Когда человек должен считаться человеком – после рождения или после зачатия?

Давид Гзгзян: Честно говоря, мне такая постановка вопроса кажется искусственной. Фиксация момента, с которого точно может идти речь о человеке, а не о дочеловеке, эмбрионе – мне кажется, что это не самый важный вопрос. Тем более что акт зачатия люди зафиксировать не в состоянии. Они имеют дело уже с эмбрионом, который существует некоторое количество суток. Каким критерием руководствоваться? Нет абсолютных формальных критериев, которые позволяют установить, что мы имеем дело с человеком, пока он не появится на свет. Конечно, существует пренатальная диагностика, есть всякие тонкости, которые связаны с тяжелыми органическими поражениями, и там, действительно, может возникнуть очень непростой вопрос, надо ли дать родиться ацефалу – существу без головного мозга. Но если мы будем обсуждать патологии, мы вынуждены будем отвлекаться от вопроса по существу: когда человека считать человеком? Я бы развернул вопрос в другую плоскость: имеет ли право человек не чувствовать себя человеком в какой-нибудь из моментов своей жизни? У меня такое ощущение, что родившихся, давно живущих людей этот вопрос нечасто волнует, а почему-то всякие формальные границы – до или после зачатия... Но чего мы, собственно, хотим добиться такой постановкой вопроса? Допустим, будет установлено, что полноценным человеком считается, как, например, по некоторым свидетельствам из Талмуда, эмбрион на сороковой день своего существования? Ровно сорок дней отсчитать невозможно. Чего мы хотим добиться? Получить санкцию на прерывание беременности эмбриона до сорока дней, которая не будет расцениваться как убийство? Лукавство. Что мы лучше поймем про человека, если поймем, что ровно в тот или иной момент все и появляется, все и случается – человекообразное существо конвертируется в человека. Я, честно говоря, плохо понимаю положительный результат таких сведений. Разве это позволит выработать ту необходимую трепетность, с которой надо относиться к тайне рождения человека? Значит, это просто некие формальные сведения, представляющие собой такое классификационное знание. Оно никогда не бывает точным, оно всегда приблизительное. Если медикам или биологам и нужно что-то такое знать, в частности, для рекомендаций относительно того, до какого срока нужно принимать тяжелые решения в сложных ситуациях, то как правило, это вопросы, которые касаются по большей части жизни матери, а не статуса эмбриона.

А относительно человека нет смысла задаваться формальным вопросом в надежде получить раз и навсегда зафиксированный ответ; я уверен, что его не существует.
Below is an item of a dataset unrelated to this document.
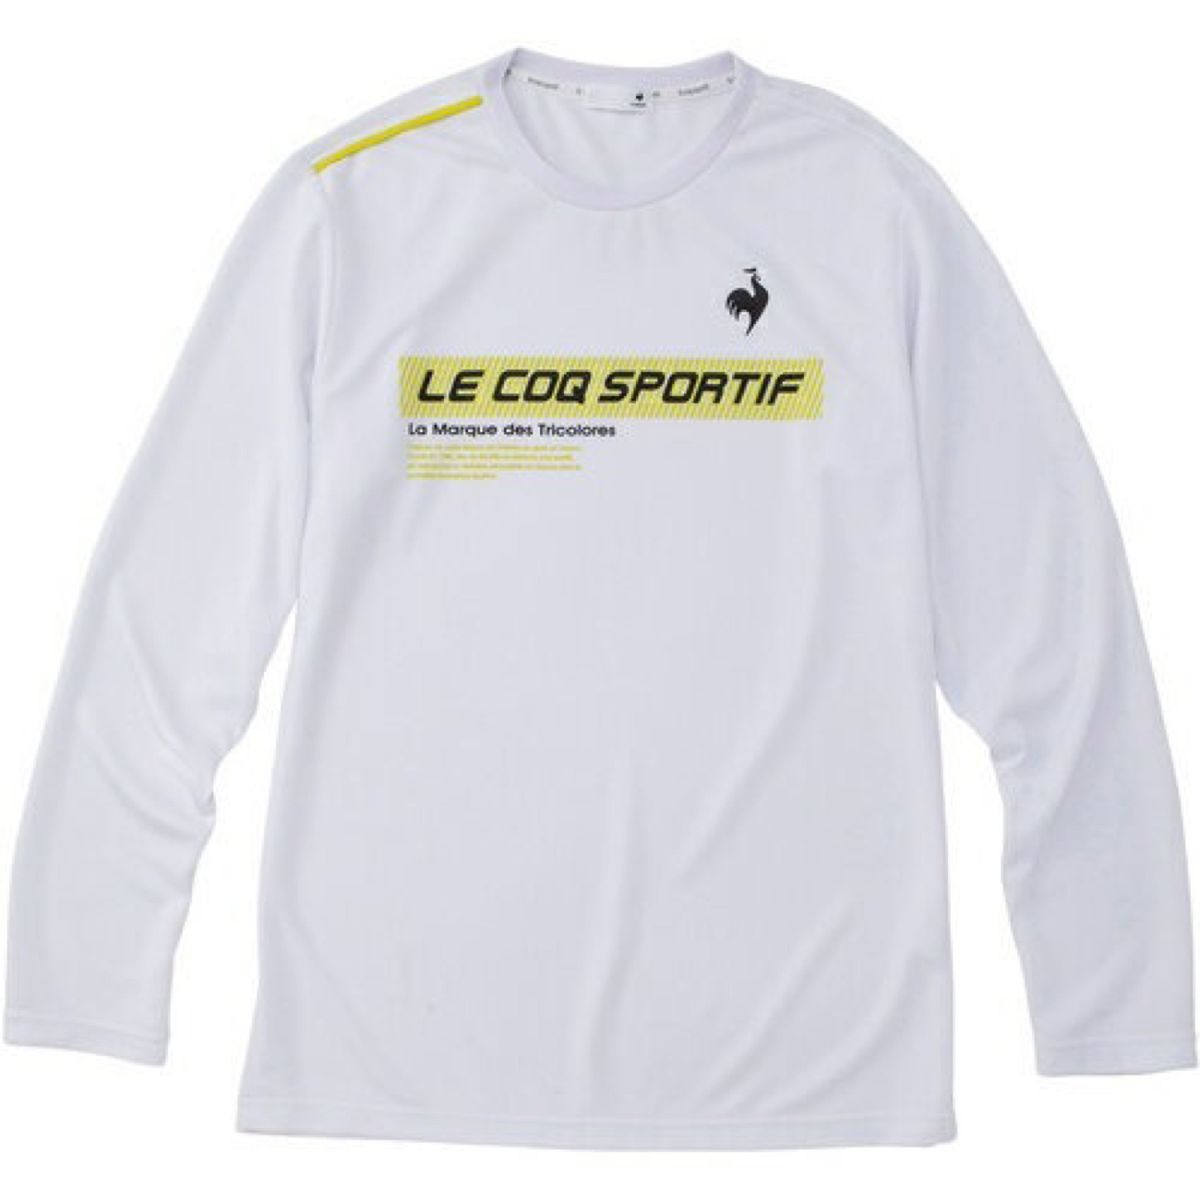 le coq sportif ルコックスポルティフ テニスウェア 長袖Tシャツ ホワイト(白色) QTMUJB00 メンズL 新品

Поэтому лучше не зацикливаться на том, в какой точно момент человека надо считать человеком. Лучше именно для того, чтобы вырабатывать необходимое трепетное отношение к человеческой жизни, всегда считать, что перед нами священная человеческая жизнь, как только появился такой повод. Даже если чисто формально это и будет неправильно.

 

Юлия Балакшина, Санкт-Петербург

Вопрос: Моя подруга, долго и трудно пытавшаяся выносить и родить ребенка, оказалась в ситуации, когда по результатам анализов ей объявили, что ребенок родится неполноценным и посоветовали сделать аборт. Она, будучи человеком неверующим, была готова согласиться с решением врачей. К счастью, повторные анализы дали другие результаты, и теперь у нее растет замечательный малыш. Вопрос мой, во-первых, в том, насколько достоверны результаты подобного рода анализов? Во-вторых, возможен ли, с христианской точки зрения, аборт, обусловленный состоянием плода, существенными отклонениями в его развитии? Как тут провести границу должного и возможного?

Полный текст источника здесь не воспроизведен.